In November 2021, Technology Minerals signed a partnership agreement with Slicker Recycling, one of the UK’s leading hazardous waste management and service delivery providers, to collect battery waste from around the UK and safely transport it to the closest Recyclus plant. The agreement will help ramp up the recycling capacity for both lead-acid and Li-ion batteries. Once the two plants are fully operational, Recyclus believes this partnership can provide up to 40% of its lead-acid battery capacity, and up to 90% of its Li-ion capacity. Slicker Recycling has nine depots nationwide and executes more than 25,000 collections per annum.

Partnership with WMG

Recyclus agreed an engineering development partnership with WMG at the University of Warwick, a leading academic group providing research, education and knowledge transfer in engineering, management, manufacturing and technology.

Recyclus and WMG have been working together for over two years sharing expertise and developing the proprietary processes across the five key Li-ion battery chemistries. This partnership brings together WMG’s world-class research programmes and Recyclus’ leading battery recycling technology.

WMG and Recyclus have created an Engineering Doctorate focused on battery recycling technologies and a transfer of current and future applications.
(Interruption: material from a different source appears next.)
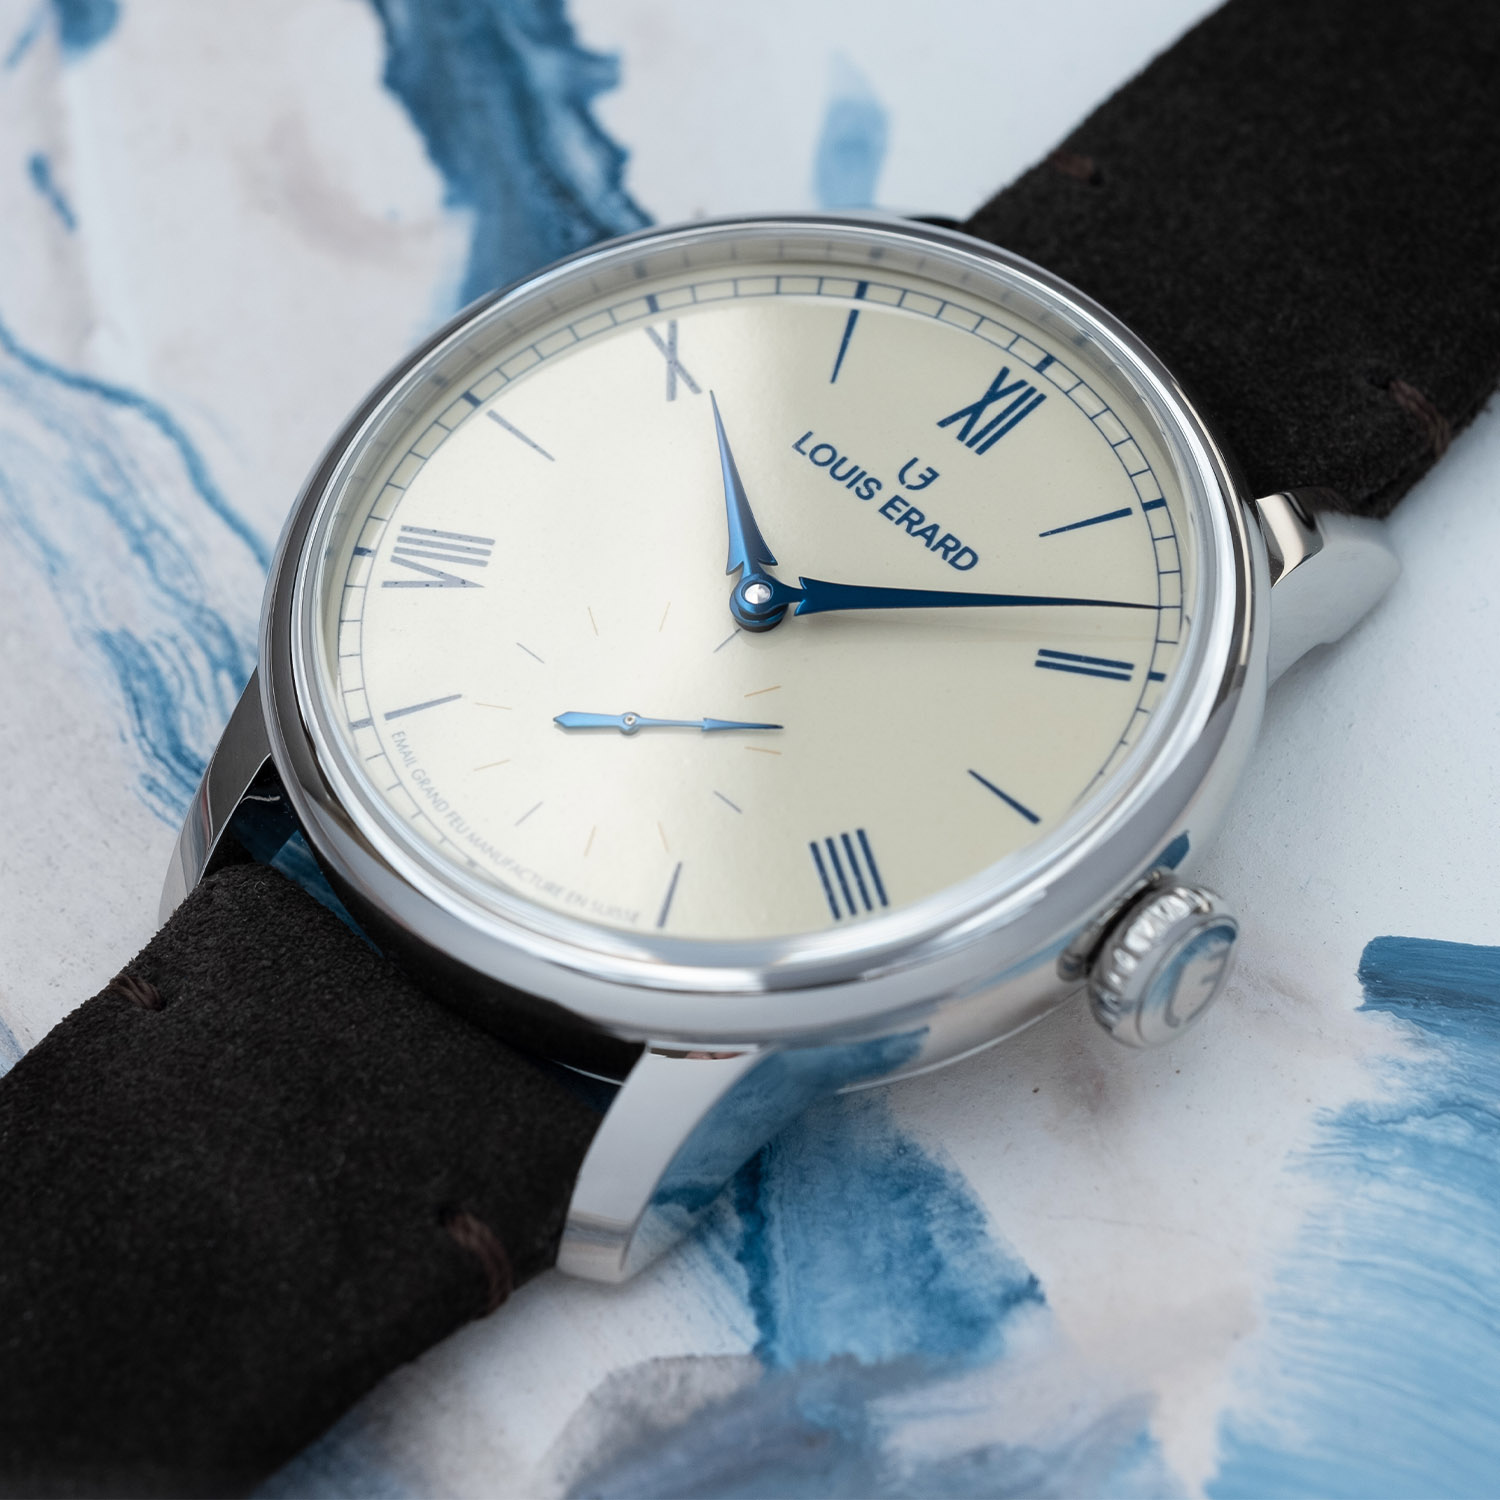 A Fortnight Review: Louis Erard Excellence Petite Seconde Watch

The EngD encompasses a four-year programme supporting talented individuals at varying career stages to develop new critical skill sets in this sector and will also focus on addressing contemporary industrial and technical challenges across the battery recycling sector.

According to a WMG report, by 2040 the UK automotive lithium-ion battery cell production alone will require 131,000 tonnes of cathodic metals. With the right infrastructure, recycling can supply 22% of this demand. This represents not only a positive environmental impact, but large savings for manufacturers, building the business case for increased battery recycling capabilities in the UK.

Halo Battery Recycling

In August 2022, Recyclus received UN-standard safety certification for its Halo battery boxes after they passed the rigorous safety standards. The ADR certification P911(1) is a requirement for transporting hazardous substances by road within Europe and confirmed Recyclus’ ability to safely transport and store batteries. It highlights the importance of security and safety in the battery supply chain, especially with potentially hazardous Li-ion batteries.
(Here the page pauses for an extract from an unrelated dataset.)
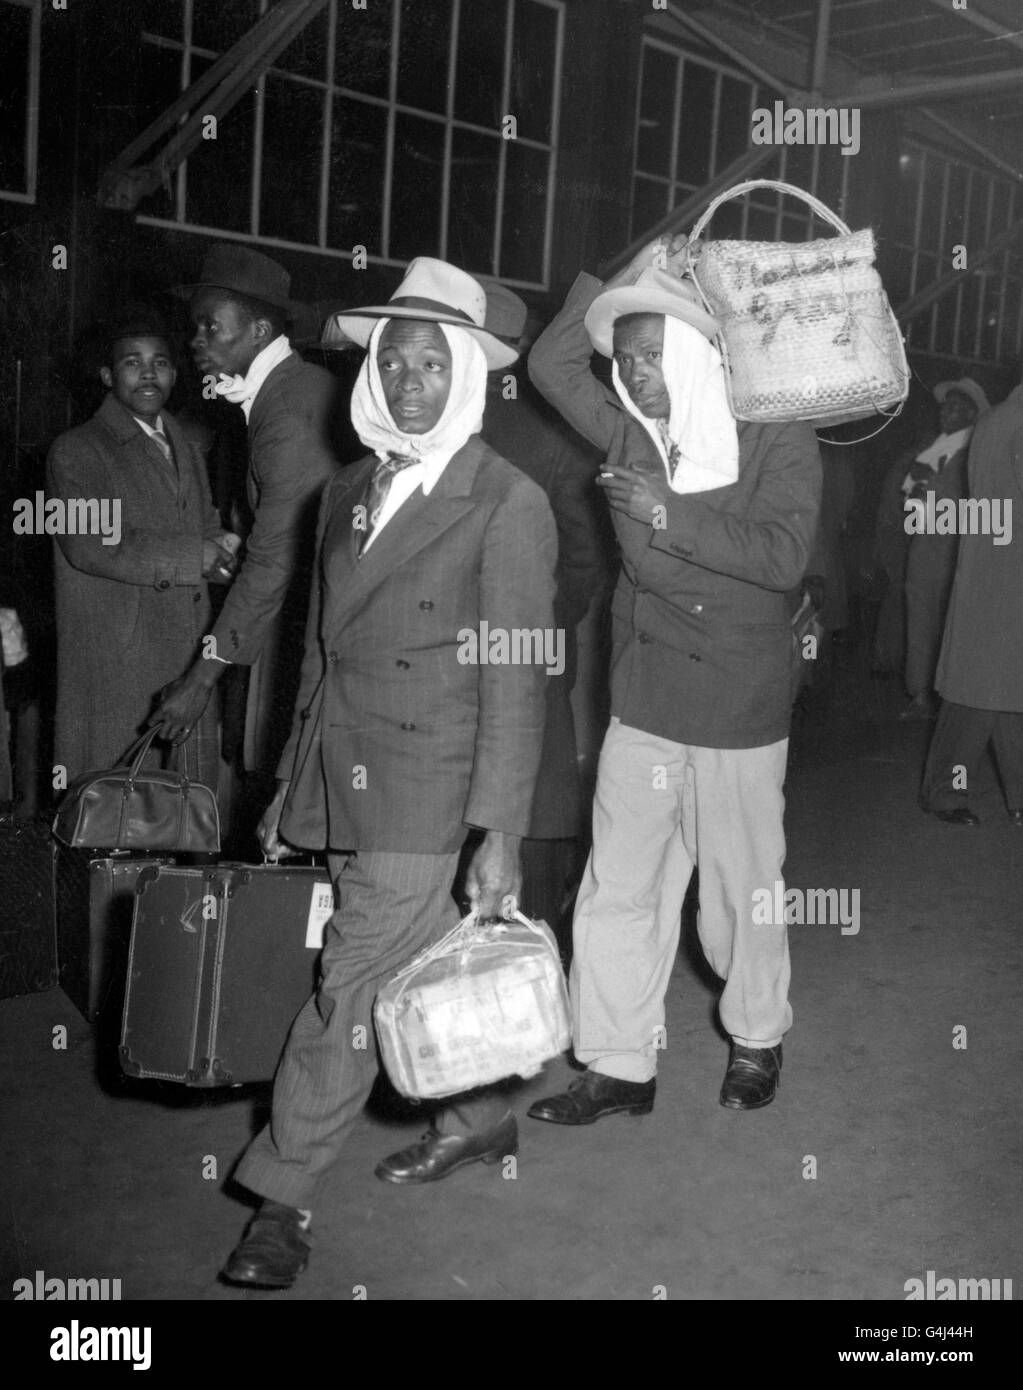 With heads muffled against the cold, men from Jamaica arrive at Victoria Station, London, in search of jobs and somewhere to live. They were among 400 Jamaicans, who had landed at Folkestone after travelling across Europe. Stock Photo

This achievement paves the way for Recyclus to start marketing the boxes and the focus now is on driving sales both within the UK and internationally to scale revenues for the business unit. Discussions with potential customers have demonstrated the level of demand for the Halo boxes and Recyclus expects to see sales in 2022.

Events since the year end

In October 2022, the Company signed binding Heads of Terms agreement to acquire the remaining approximately 51% of shares in Recyclus not already owned. The transaction is subject to completion of due diligence and shareholder approval.
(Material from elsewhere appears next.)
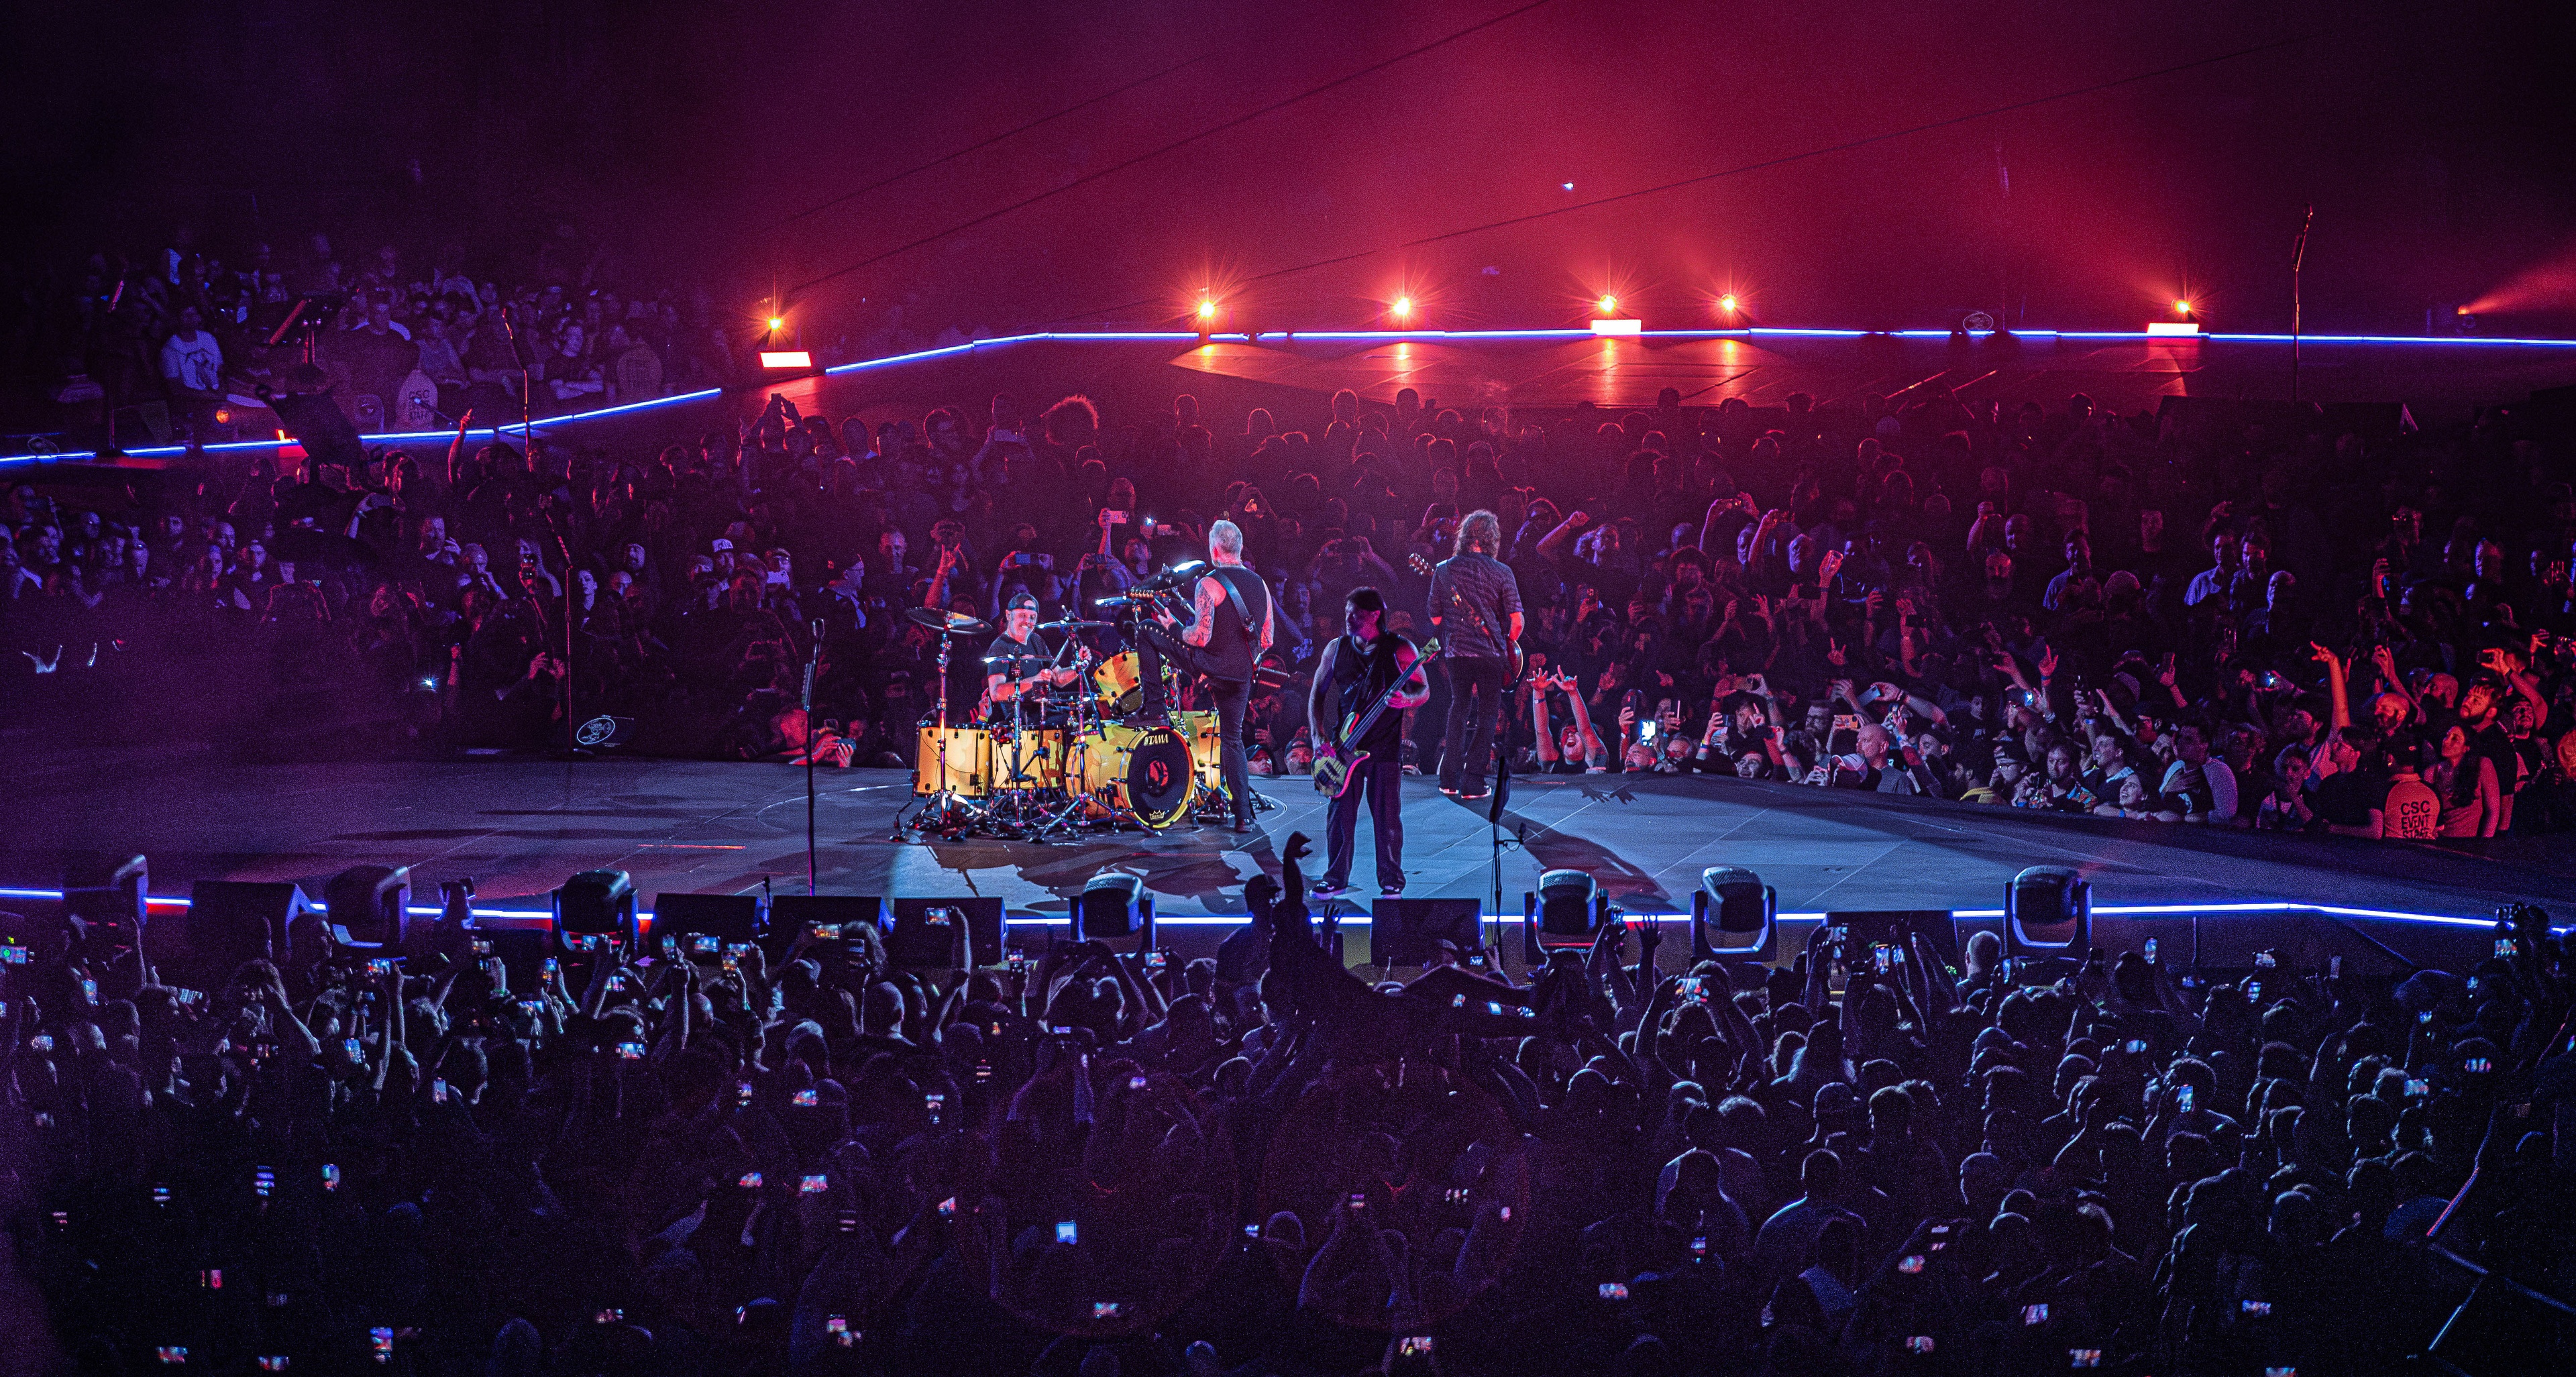 Metallica M72 stage in lit up red surrounded by crowd

The acquisition strengthens Technology Minerals’ balance sheet and provides early cashflow from recycling operations controlled by Technology Minerals. The combination of the two businesses offers a differentiated, IP protected exposure to battery processing, aligning the enlarged business with the energy transition taking place and the circular economy.

Financial Review

The Group has had an excellent financial year with strong progress being made in exploration and development on its battery metals mining licences and in respect of its key investment in the Recyclus Group. The Company successfully listed on the main board of the London Stock Exchange in November 2021, raising £1.6 million before expenses, with cash raised subsequently from the exercise of Warrants of £0.8 million. The IPO followed the amalgamation of several companies holding prime mining licences, which are included on the Group balance sheet at £18.3 million. In addition, the Company had previously raised approximately £5 million from pre-IPO funding. At the year end, the Group had cash of £0.4 million.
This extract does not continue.